Calculates the normalized sum of squares of the pixel values overlapping the filter.

For every pixel \( (x, y) \) in the source image, the function calculates the sum of squares of those neighboring pixel values which overlap the filter placed over the pixel \( (x, y) \).
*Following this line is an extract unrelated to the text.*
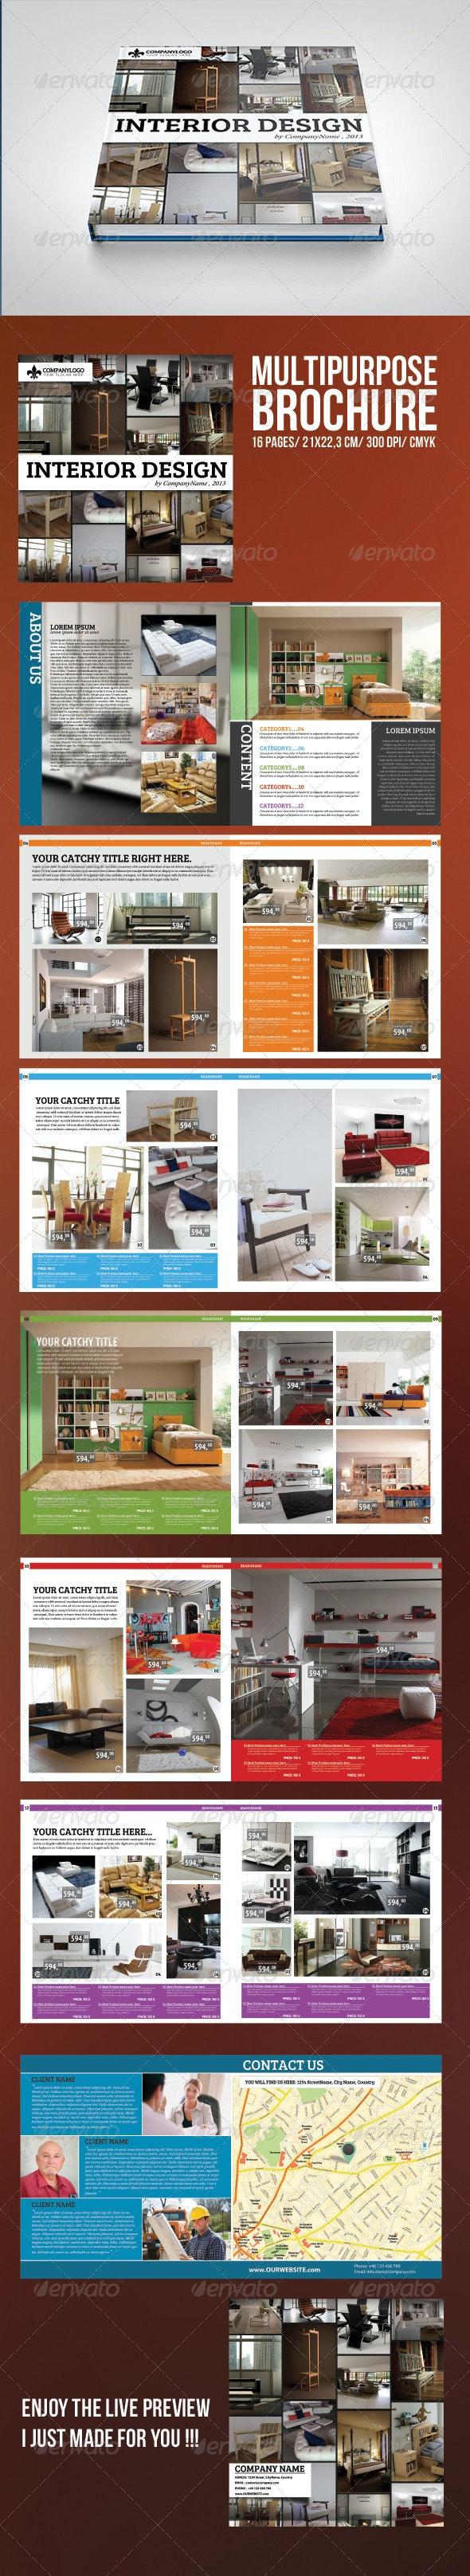 Multipurpose Brochure Template - Print Templates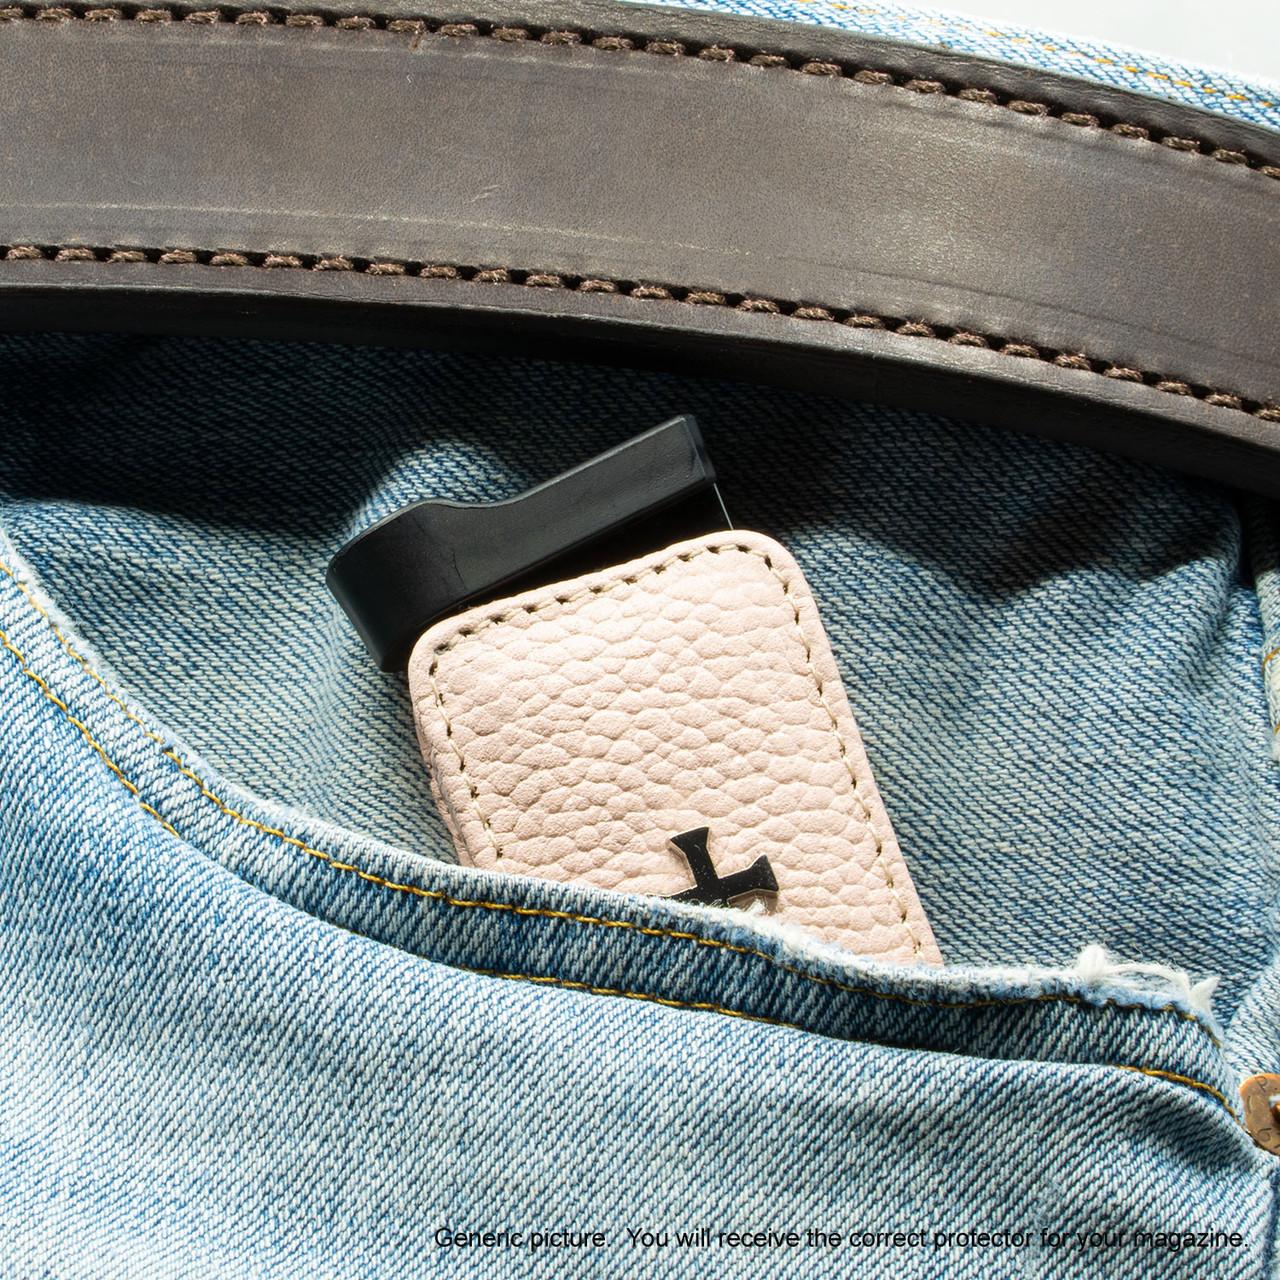 CZ P-10 C Pink Carry Faithfully Cross Magazine Pocket Protector

The unnormalized square box filter can be useful in computing local image statistics such as the local variance and standard deviation around the neighborhood of a pixel.

Parameters
srcinput image
dstoutput image of the same size and type as src
ddepththe output image depth (-1 to use src.depth())
ksizekernel size
anchorkernel anchor point. The default value of Point(-1, -1) denotes that the anchor is at the kernel center.
normalizeflag, specifying whether the kernel is to be normalized by it's area or not.
borderTypeborder mode used to extrapolate pixels outside of the image, see BorderTypes. BORDER_WRAP is not supported.
See also
boxFilter

◆ stackBlur()

void cv::stackBlur ( InputArray  src,
OutputArray  dst,
Size  ksize 
)
Python:
cv.stackBlur(src, ksize[, dst]) -> dst

#include <opencv2/imgproc.hpp>

Blurs an image using the stackBlur.

The function applies and stackBlur to an image. stackBlur can generate similar results as Gaussian blur, and the time consumption does not increase with the increase of kernel size. It creates a kind of moving stack of colors whilst scanning through the image. Thereby it just has to add one new block of color to the right side of the stack and remove the leftmost color. The remaining colors on the topmost layer of the stack are either added on or reduced by one, depending on if they are on the right or on the left side of the stack. The only supported borderType is BORDER_REPLICATE. Original paper was proposed by Mario Klingemann, which can be found http://underdestruction.com/2004/02/25/stackblur-2004.

Parameters
srcinput image. The number of channels can be arbitrary, but the depth should be one of CV_8U, CV_16U, CV_16S or CV_32F.
dstoutput image of the same size and type as src.
ksizestack-blurring kernel size. The ksize.width and ksize.height can differ but they both must be positive and odd.